# [Dataset excerpts]
○ ○ ○ ○ ○ ○ ○

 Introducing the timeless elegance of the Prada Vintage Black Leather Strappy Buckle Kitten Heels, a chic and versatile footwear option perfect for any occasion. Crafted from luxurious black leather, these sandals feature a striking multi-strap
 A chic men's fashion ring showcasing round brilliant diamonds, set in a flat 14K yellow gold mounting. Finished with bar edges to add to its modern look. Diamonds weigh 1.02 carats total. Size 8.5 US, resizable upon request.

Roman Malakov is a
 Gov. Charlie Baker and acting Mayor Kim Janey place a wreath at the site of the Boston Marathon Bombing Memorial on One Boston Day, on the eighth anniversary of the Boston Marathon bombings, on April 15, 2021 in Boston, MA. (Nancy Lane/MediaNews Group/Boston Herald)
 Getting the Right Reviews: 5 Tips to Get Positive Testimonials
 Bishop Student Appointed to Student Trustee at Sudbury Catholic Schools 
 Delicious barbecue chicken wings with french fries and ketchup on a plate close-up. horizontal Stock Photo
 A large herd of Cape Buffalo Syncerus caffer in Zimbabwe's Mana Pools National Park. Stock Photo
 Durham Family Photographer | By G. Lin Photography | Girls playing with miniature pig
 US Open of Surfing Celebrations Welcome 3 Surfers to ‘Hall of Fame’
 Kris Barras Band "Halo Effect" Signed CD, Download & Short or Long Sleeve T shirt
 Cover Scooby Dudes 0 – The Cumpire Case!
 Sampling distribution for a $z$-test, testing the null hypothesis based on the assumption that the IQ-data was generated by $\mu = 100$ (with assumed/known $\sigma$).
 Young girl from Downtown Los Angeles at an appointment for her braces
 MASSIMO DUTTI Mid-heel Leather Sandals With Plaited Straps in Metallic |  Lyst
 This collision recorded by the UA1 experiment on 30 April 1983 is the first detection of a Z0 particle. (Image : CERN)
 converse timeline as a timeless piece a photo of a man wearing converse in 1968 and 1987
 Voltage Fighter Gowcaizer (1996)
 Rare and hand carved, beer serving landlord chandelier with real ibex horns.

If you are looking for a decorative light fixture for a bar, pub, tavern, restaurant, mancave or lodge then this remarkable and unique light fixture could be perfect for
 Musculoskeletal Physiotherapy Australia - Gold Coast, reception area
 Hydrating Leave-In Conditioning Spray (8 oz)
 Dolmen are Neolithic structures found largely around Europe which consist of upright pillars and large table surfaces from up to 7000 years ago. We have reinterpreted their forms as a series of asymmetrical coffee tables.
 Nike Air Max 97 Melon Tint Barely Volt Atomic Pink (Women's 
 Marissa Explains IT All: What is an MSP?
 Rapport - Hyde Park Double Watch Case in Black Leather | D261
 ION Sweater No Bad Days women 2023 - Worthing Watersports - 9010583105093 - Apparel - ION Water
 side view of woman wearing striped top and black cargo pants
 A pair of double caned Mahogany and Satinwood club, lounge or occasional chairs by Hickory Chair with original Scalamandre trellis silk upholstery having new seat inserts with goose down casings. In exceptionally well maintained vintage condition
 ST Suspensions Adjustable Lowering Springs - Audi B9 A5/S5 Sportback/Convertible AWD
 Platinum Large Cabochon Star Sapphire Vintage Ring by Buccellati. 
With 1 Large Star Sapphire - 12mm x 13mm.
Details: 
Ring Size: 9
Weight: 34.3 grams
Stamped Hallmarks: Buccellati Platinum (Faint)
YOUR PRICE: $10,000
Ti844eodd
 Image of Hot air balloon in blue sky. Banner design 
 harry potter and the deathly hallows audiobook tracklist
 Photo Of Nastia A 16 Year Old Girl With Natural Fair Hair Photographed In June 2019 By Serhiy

○ ○ ○ ○ ○ ○ ○

# [TASK DETAILS]
Give the number of lines above that hold the word "perfect", and nothing more.

# [SOLUTION TO THIS PROBLEM]
2